### Try it
For the material below, return exactly the lines starting at the line containing "Subway restaurants Coupon" and ending at the line containing "Sign Language Clipart", both ends included, and no others.

### Recorded data
————
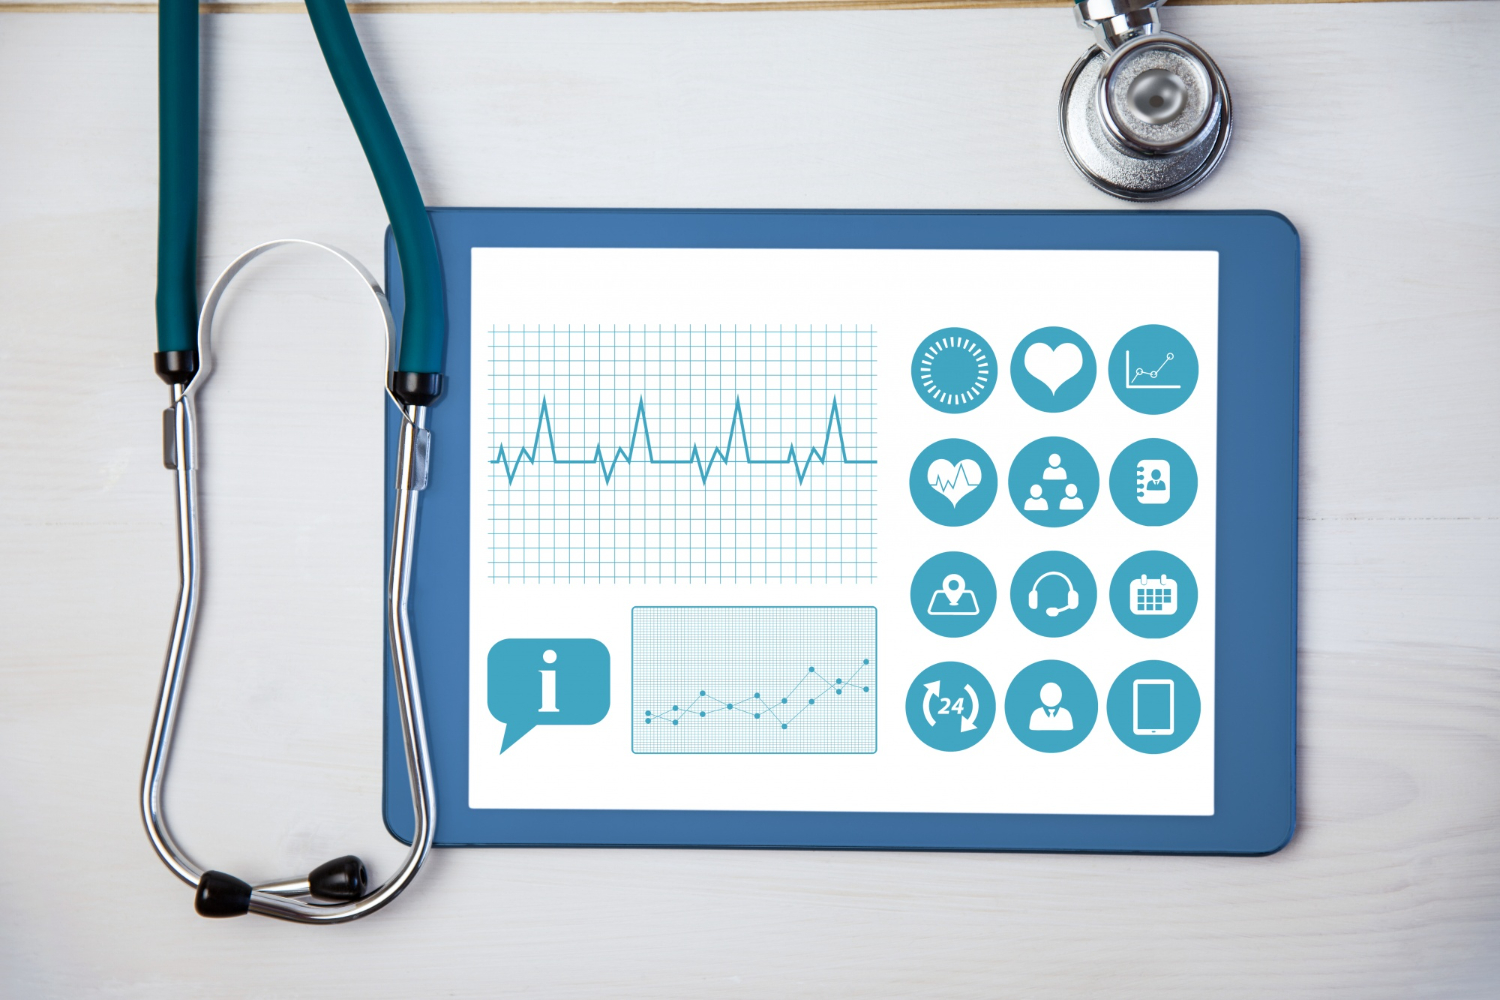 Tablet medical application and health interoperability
————
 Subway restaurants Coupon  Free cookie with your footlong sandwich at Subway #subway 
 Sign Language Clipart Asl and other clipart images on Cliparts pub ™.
————
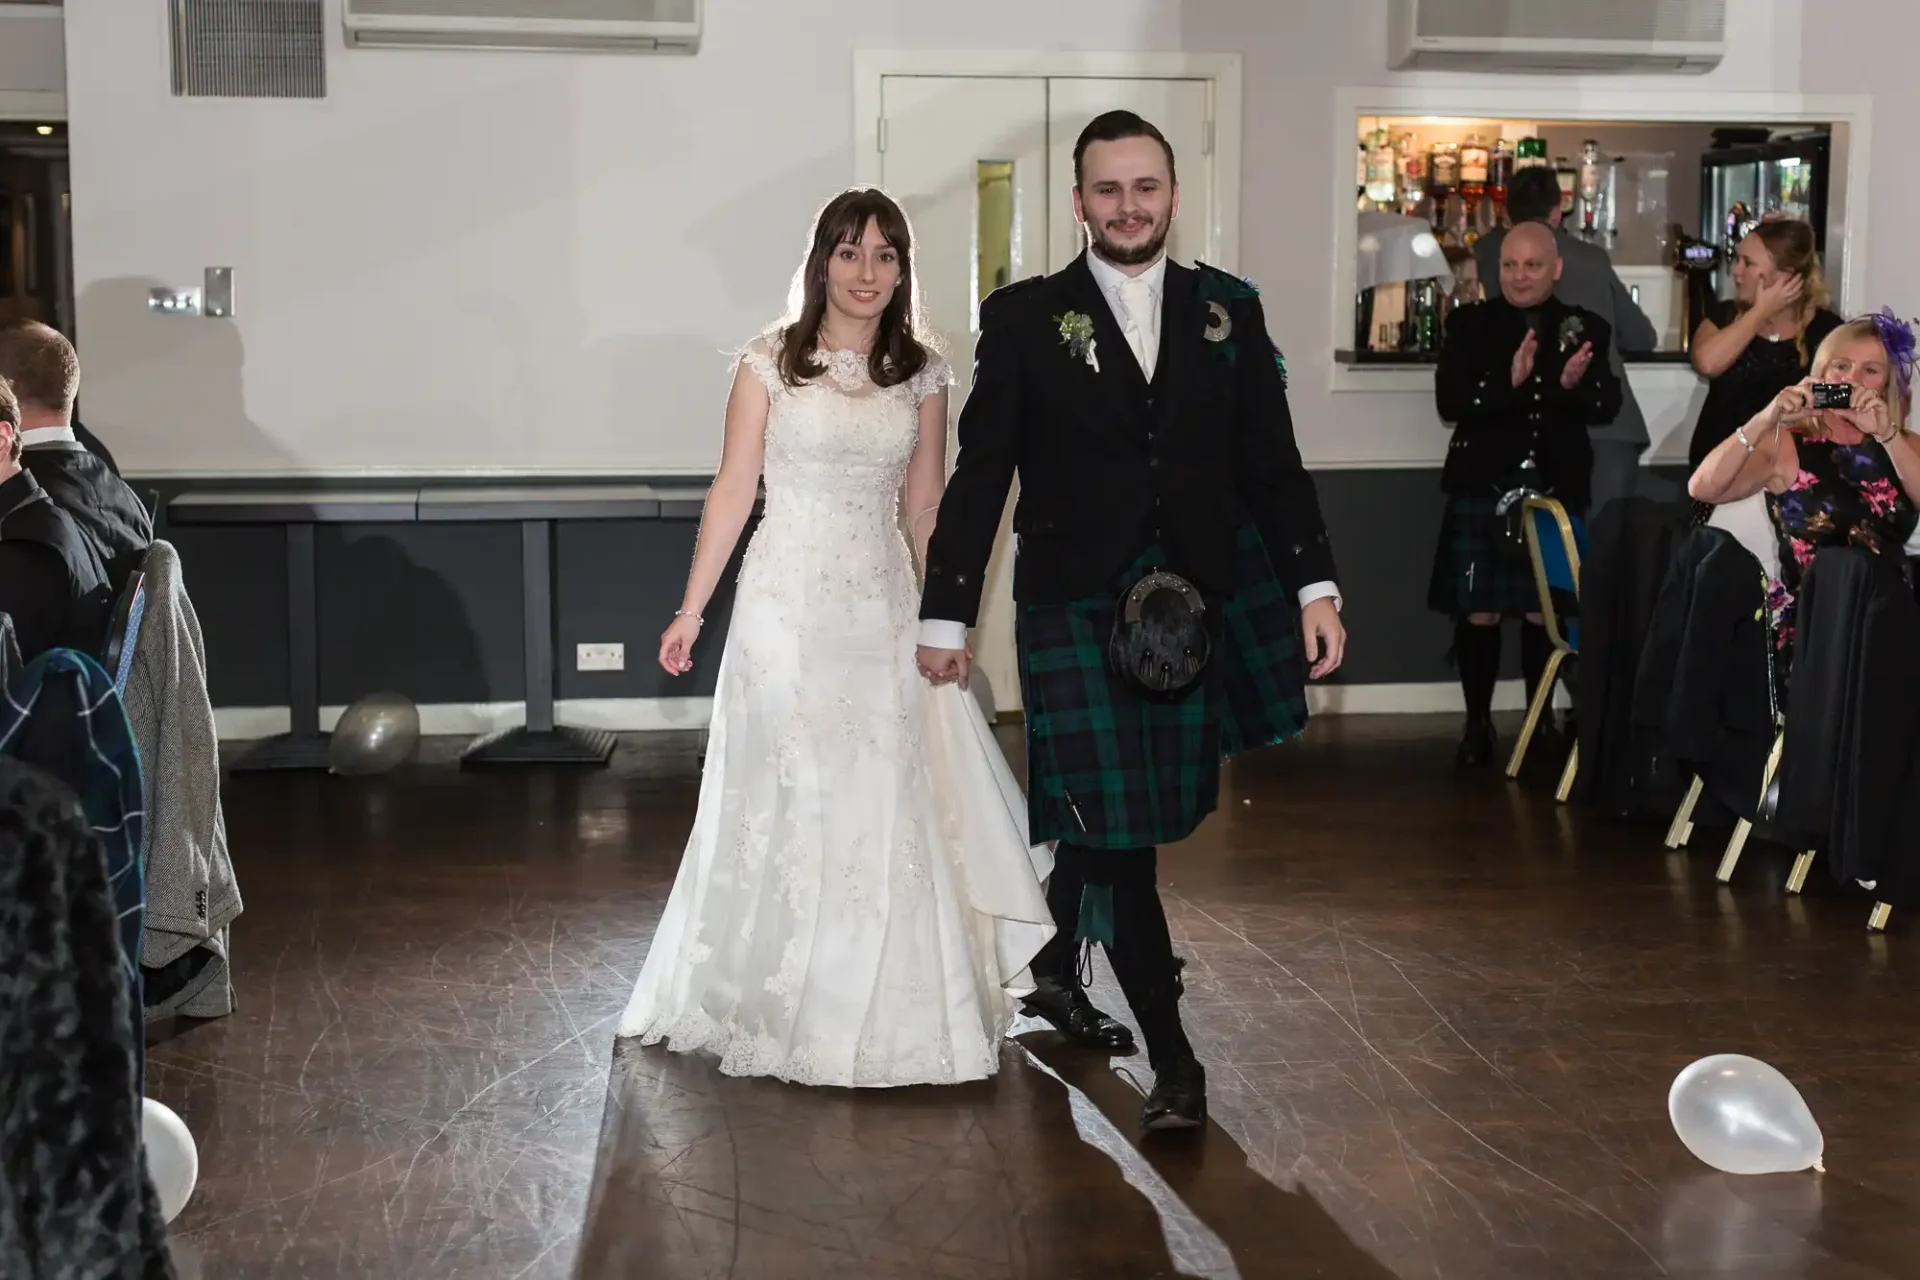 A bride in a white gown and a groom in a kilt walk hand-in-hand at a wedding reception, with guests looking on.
————
### Answer
 Subway restaurants Coupon  Free cookie with your footlong sandwich at Subway #subway 
 Sign Language Clipart Asl and other clipart images on Cliparts pub ™.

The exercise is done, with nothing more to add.